According to the learned counsel, the mandatory statutory conditions having been complied with, they were not bound to pay any house rent allowance in terms of the settlements arrived at between them. The notice has been annexed to the writ petition as Annexure P-8. In terms it states that this was produced and proved before the learned Labour Court as annexure-RC although there was no foundation in the pleadings, but at the same time, there was no opposition on behalf of the workmen to the notice being admitted and proved. The notice is in detail dealing with the manner in which the accommodation is to be allotted. No reply has been filed by the respondents to the writ petition accepting or denying this averment. The writ petition was field in this Court on 14th March, 2001 and notices issued on the 19th Mach, 2001. For a period of more than six years no reply has been filed.
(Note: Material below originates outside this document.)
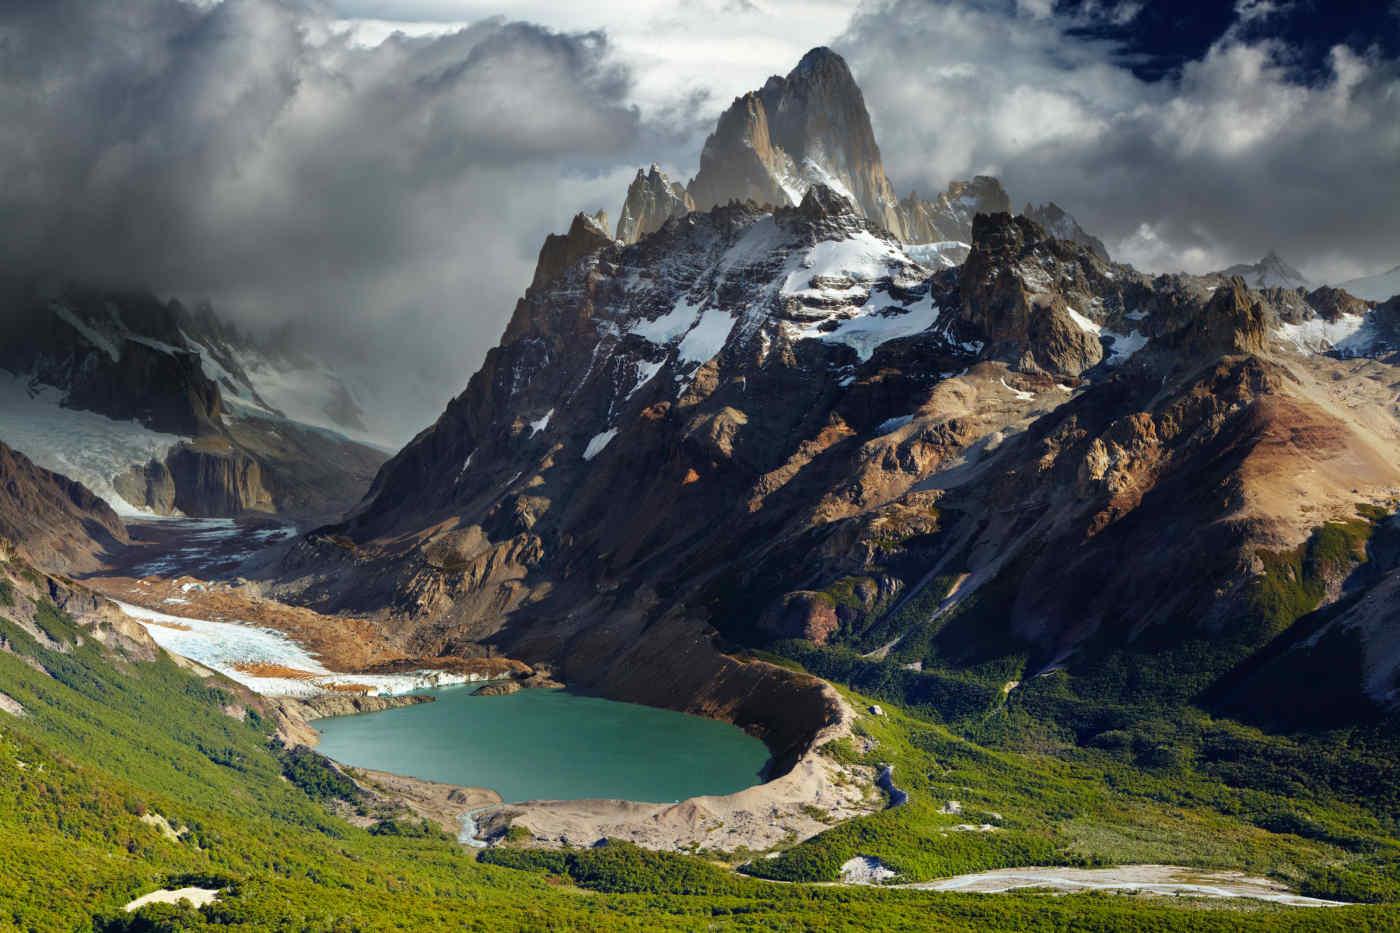 Mount Fitz Roy in Los Glaciares National Park

In these circumstances, he factual averments made by the petitioner have to be accepted as they are. The Labour,Court has held that the notices will have no validity as this Court has already passed orders regarding payment of House Rent allowance. This is not the correct approach as the notices were every subject matter of adjudication in the previous proceedings. Since the plea of the petitioner has gone uncontested, the notices would have their own statuary effect. However, as I have already held that the interpretation placed by the learned Labour Court on the Note-4 is not correct. The matter is not being considered any further. 21. Therefore, the judgment of the learned Labor Court passed in Reference Petition Nos.138 to 141,143 to 146, 161 to 164, 166,167,190 to 2004 of 1997 and 64 to 66 of 1998 quashed and set aside. There shall be no order as to costs. 22. In the facts and circumstances, the writ petitions accepted. The order of the learned Labor Court is quashed an set aside. There shall be no order as to costs. 23. All the interim orders shall stand vacated. The petitioner is held entitled to the refund of the amount deposited in the Registry, in each case, pursuant to the orders passed by this Court on 31.12.2002.